Simplification of @trusted

Ola Fosheim Grøstad ola.fosheim.grostad at gmail.com
Thu Jun 17 20:37:11 UTC 2021


On Thursday, 17 June 2021 at 19:25:51 UTC, ag0aep6g wrote:
> On 17.06.21 20:46, Ola Fosheim Grøstad wrote:
>> What about it isn't safe? It is provably safe? Meaning, I can 
>> do a formal verification of it as being safe!?
>
> `offset` is an input to `get` (via `this`). `offset` is an int, 
> so all possible values (int.min through int.max) are considered 
> "safe values". `get` exhibits undefined behavior when `offset` 
> is greater than 1. A function that can exhibit undefined 
> behavior when called with only safe values cannot be @trusted.

But this.offset can provably only hold the value 0 or 1. What is 
the point of manually auditing @trusted if one impose arbitrary 
requirements like these?

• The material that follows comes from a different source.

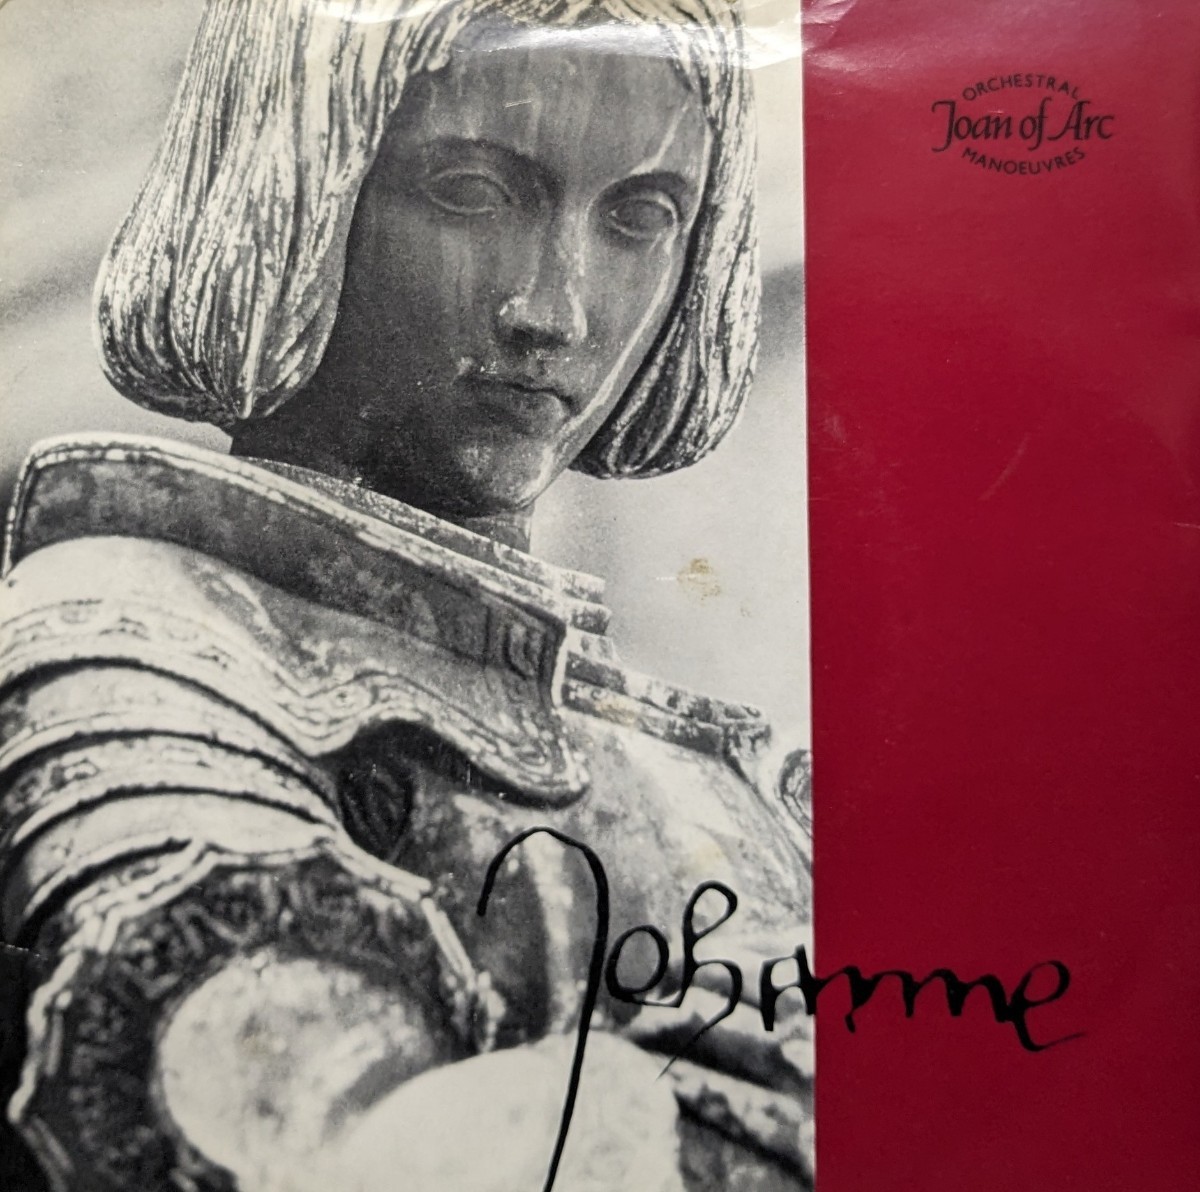 ☆ Оркестр маневры/Joan of Arc 1981'uk Dindisc7inch

So I am basically forced to use a bool 
to represent offset for it to be considered safe?

One should start by defining invariants that will keep the class 
safe.

Then one should audit all methods with respect to the invariants.

The invariant is that this.offset cannot hold a value different 
from 0 and 1. And it is easy to prove.